Ryan Shazier
- Shazier signing autographs in 2014

No. 50
- Position: Linebacker

Personal information
- Born: September 6, 1992 (age 34) Fort Lauderdale, Florida, U.S.
- Listed height: 6 ft 1 in (1.85 m)
- Listed weight: 230 lb (104 kg)

Career information
- High school: Plantation (Plantation, Florida)
- College: Ohio State (2011–2013)
- NFL draft: 2014: 1st round, 15th overall pick

Career history

Playing
- Pittsburgh Steelers (2014–2019);

Coaching
- Pittsburgh Steelers (2024–2025) Offensive assistant;

Awards and highlights
- 2× Pro Bowl (2016, 2017); George Halas Award (2019); First-team All-American (2013); 2× First-team All-Big Ten (2012, 2013);

Career NFL statistics
- Tackles: 299
- Forced fumbles: 7
- Fumble recoveries: 3
- Pass deflections: 25
- Interceptions: 7
- Interception yards: 2
- Sacks: 7
- Stats at Pro Football Reference

= Ryan Shazier =

American football player (born 1992)

Ryan Dean Shazier (/ʃeɪˈzɪər/; born September 6, 1992) is an American former professional football linebacker who played for the Pittsburgh Steelers of the National Football League (NFL). He played college football for the Ohio State Buckeyes and was selected by the Steelers in the first round of the 2014 NFL draft.
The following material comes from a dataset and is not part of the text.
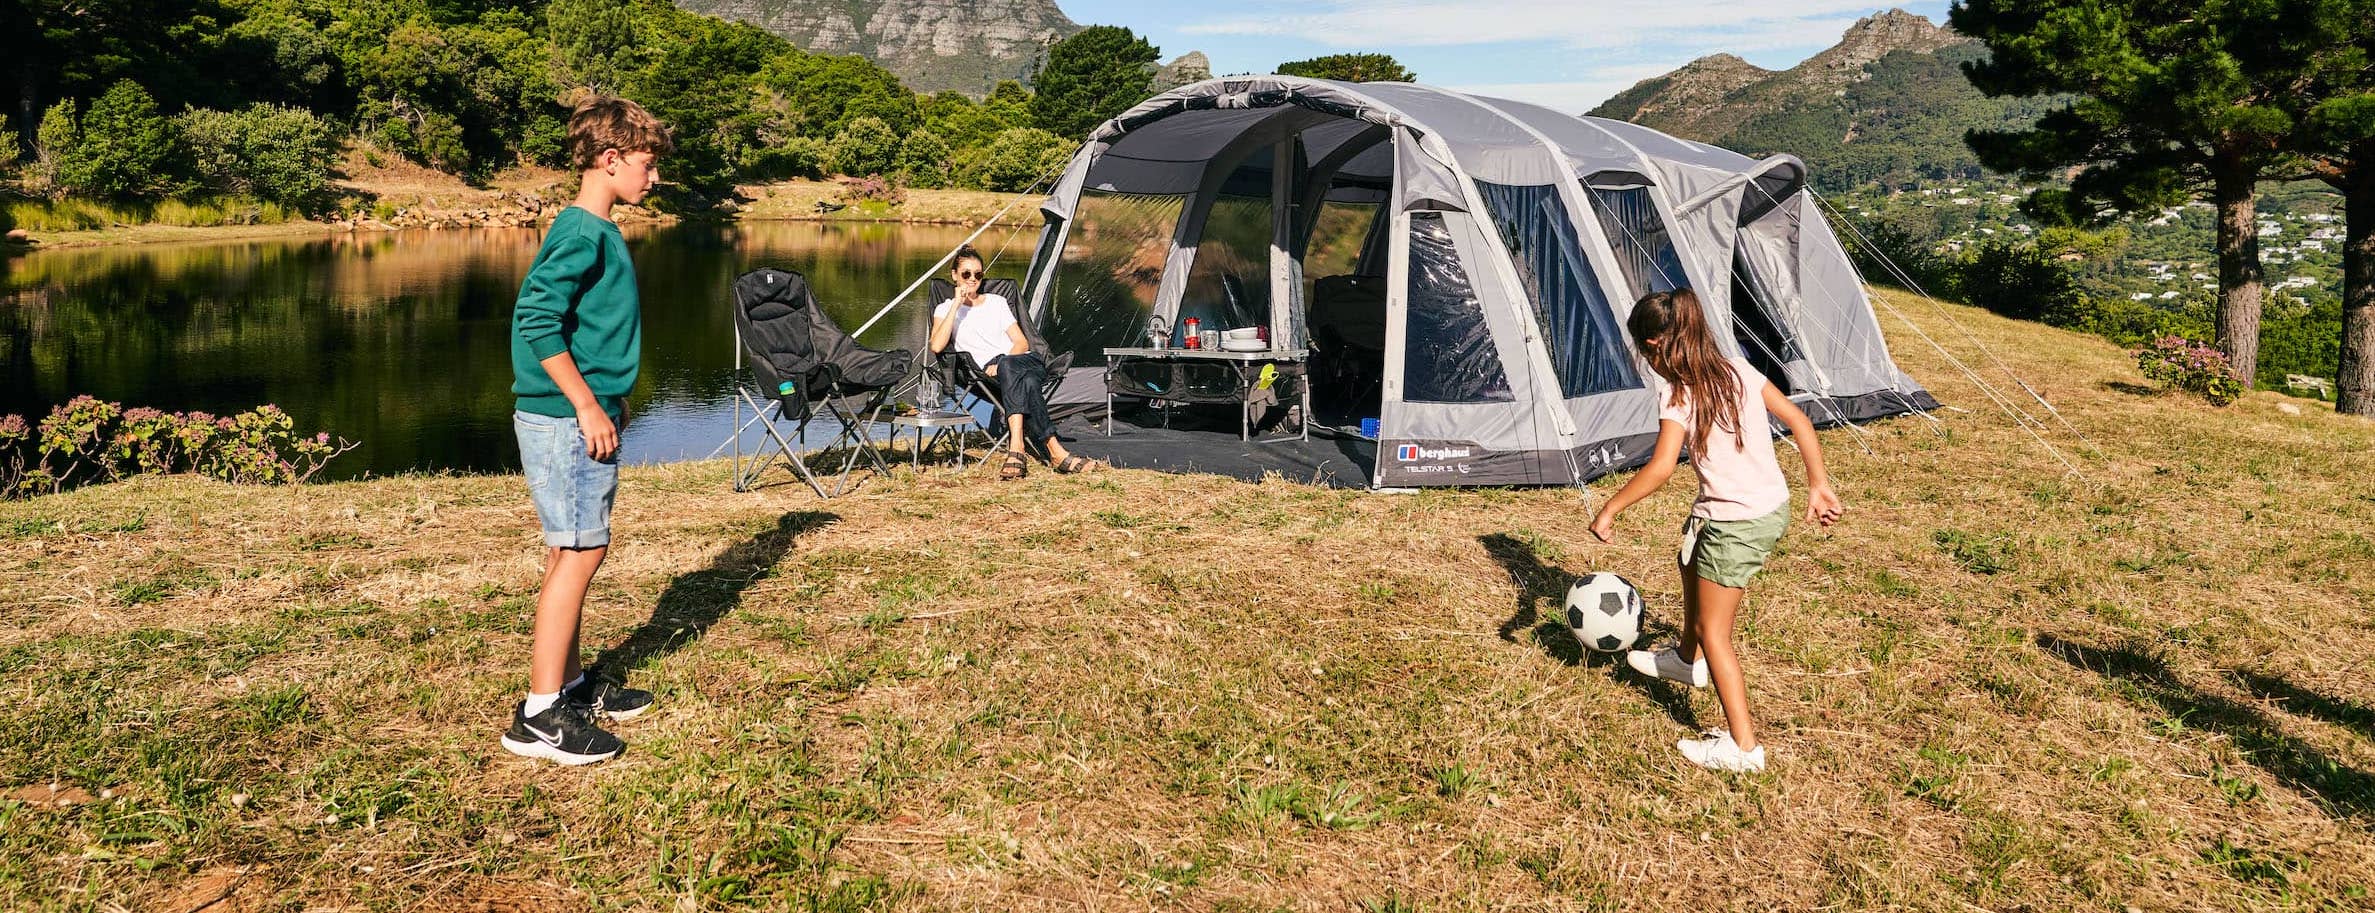 Go outdoors berghaus tent

Shazier had a successful first few seasons in the NFL, including a Pro Bowl appearance in 2016. During the 2017 season, in a game against the Cincinnati Bengals, Shazier attempted to make a head-first tackle that left him a paraplegic, after which he had to have spinal stabilization surgery and learn to walk again. After spending two seasons on the Steelers' physically unable to perform list, Shazier announced his retirement from football in 2020.

==Early life==
Ryan Dean Shazier was born on September 6, 1992, in Fort Lauderdale, Florida. He attended Plantation High School in Plantation, Florida.

==College career==
Shazier initially committed to play for Urban Meyer at Florida but rescinded his commitment after Meyer resigned as the Gators head coach. He then committed to play under Jim Tressel at Ohio State, but Tressel resigned five months later and was eventually replaced with Urban Meyer.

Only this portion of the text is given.